We present a systematic training recipe to efficiently train large-scale sparse MoE models on Ascend NPUs. To address system challenges posed by trillion-parameter models, we propose a simulation-driven strategy for optimizing model hyperparameters, reducing the need for costly hardware experiments. Our system optimizations focus on Expert Parallelism and memory management, significantly lowering communication and activation overhead across 6K NPUs. These innovations enable a 30.0% MFU, demonstrating Ascend NPUs’ capability to support full-scale training of large-scale sparse LLMs, e.g., Pangu Ultra MoE, with comparable performance as DeepSeek R1. Experiments validate that our method achieves hardware-aligned performance gains while maintaining training stability. Furthermore, our analysis of model behaviors provides insights for future research on balancing computational efficiency and model capacity. This work establishes a practical foundation for deploying massive MoE models in Ascend NPUs.

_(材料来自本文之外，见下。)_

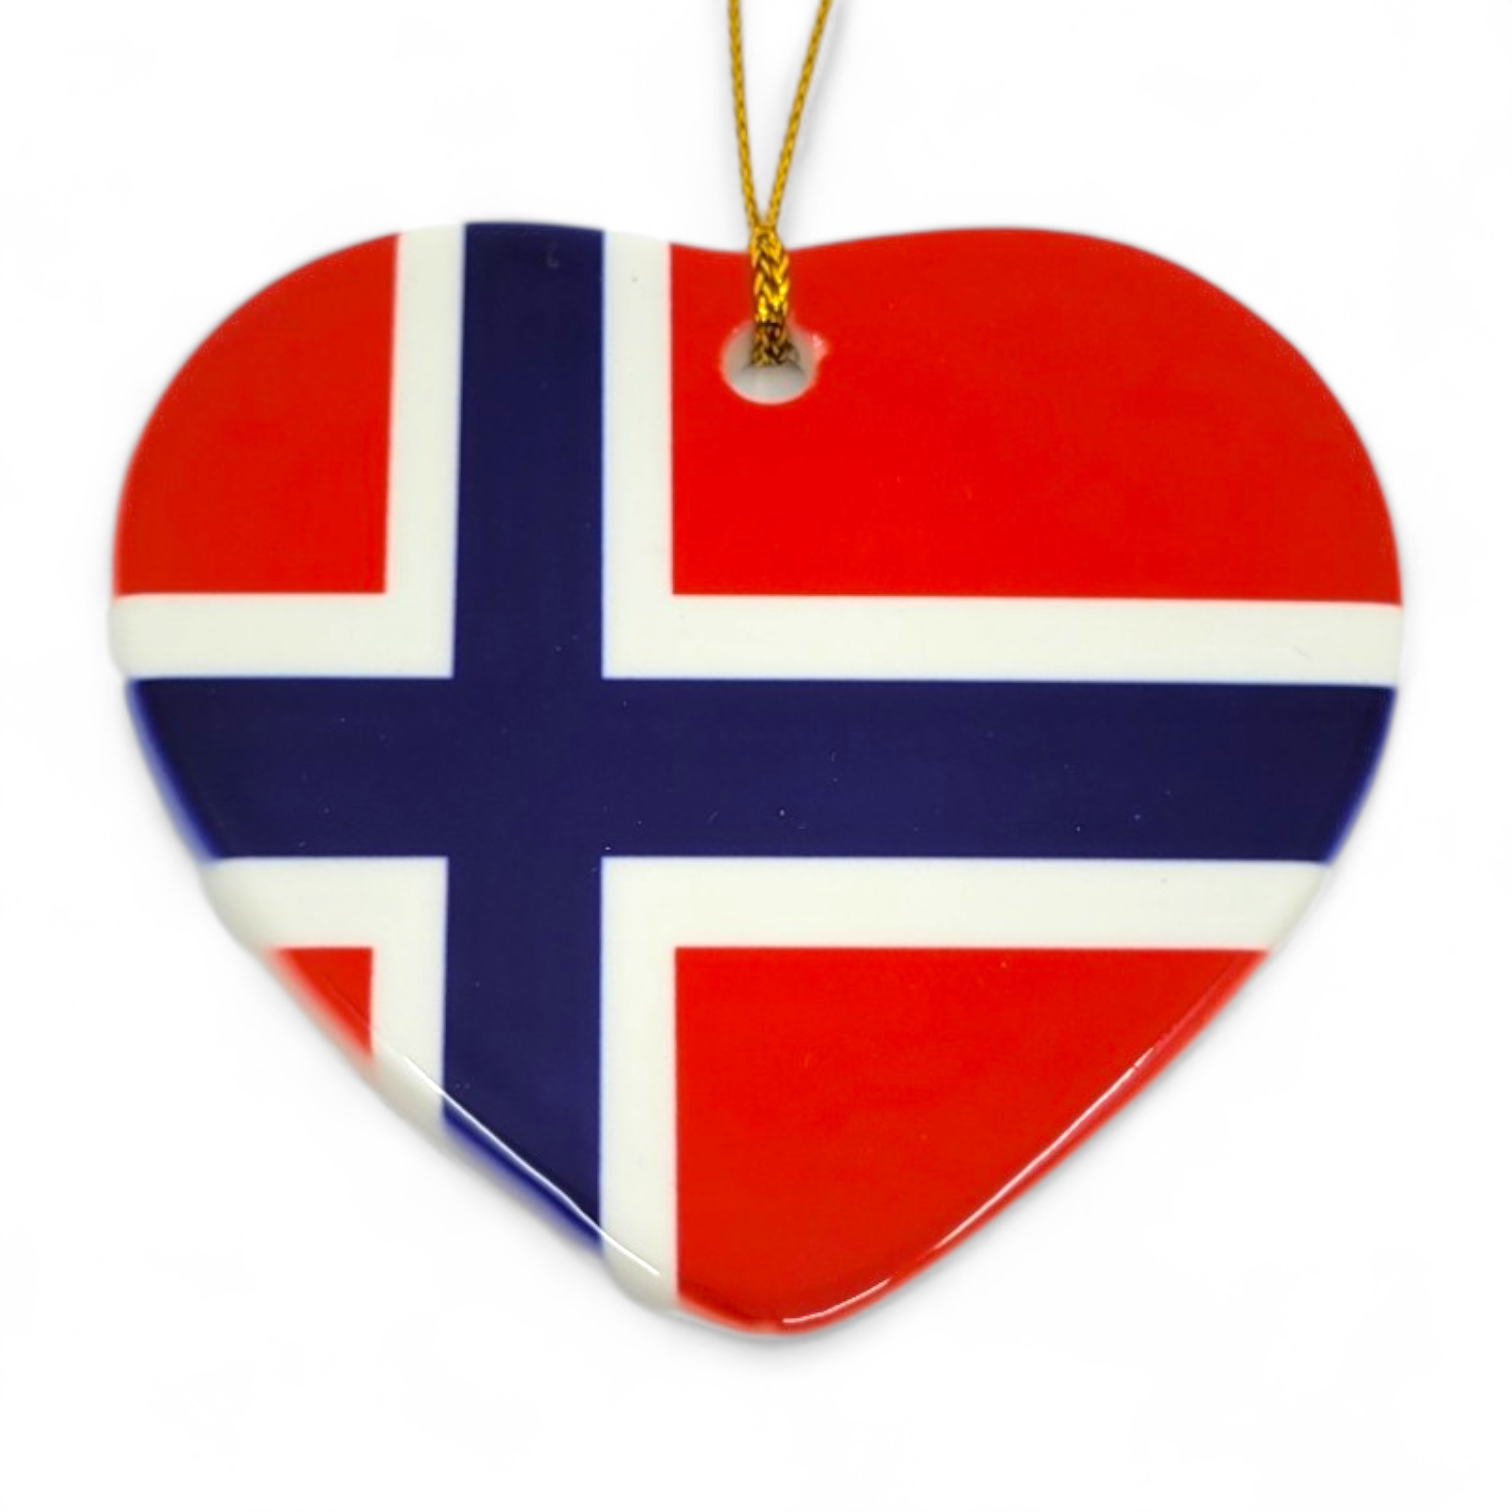 Ornament: 3" Heart Shaped Norwegian Flag

我们提出了一套系统的训练方案，能够高效地在昇腾 NPU 上训练大规模稀疏的 MoE 模型。为了解决万亿参数模型带来的系统挑战，我们提出了一种基于仿真的策略来优化模型的超参数，从而减少了昂贵的硬件实验需求。我们的系统优化集中在专家并行性和内存管理方面，显著降低了 6000 个 NPU 之间的通信和激活开销。这些创新使得模型的计算利用率达到了 30.0%，证明了昇腾 NPU 能够支持大规模稀疏 LLM（例如盘古超大规模 MoE）的全规模训练，其性能与 DeepSeek R1 相当。实验验证了我们的方法在保持训练稳定性的同时实现了与硬件相匹配的性能提升。此外，我们对模型行为的分析为未来研究如何平衡计算效率和模型容量提供了见解。这项工作为在昇腾 NPU 上部署大规模的 MoE 模型奠定了实用基础。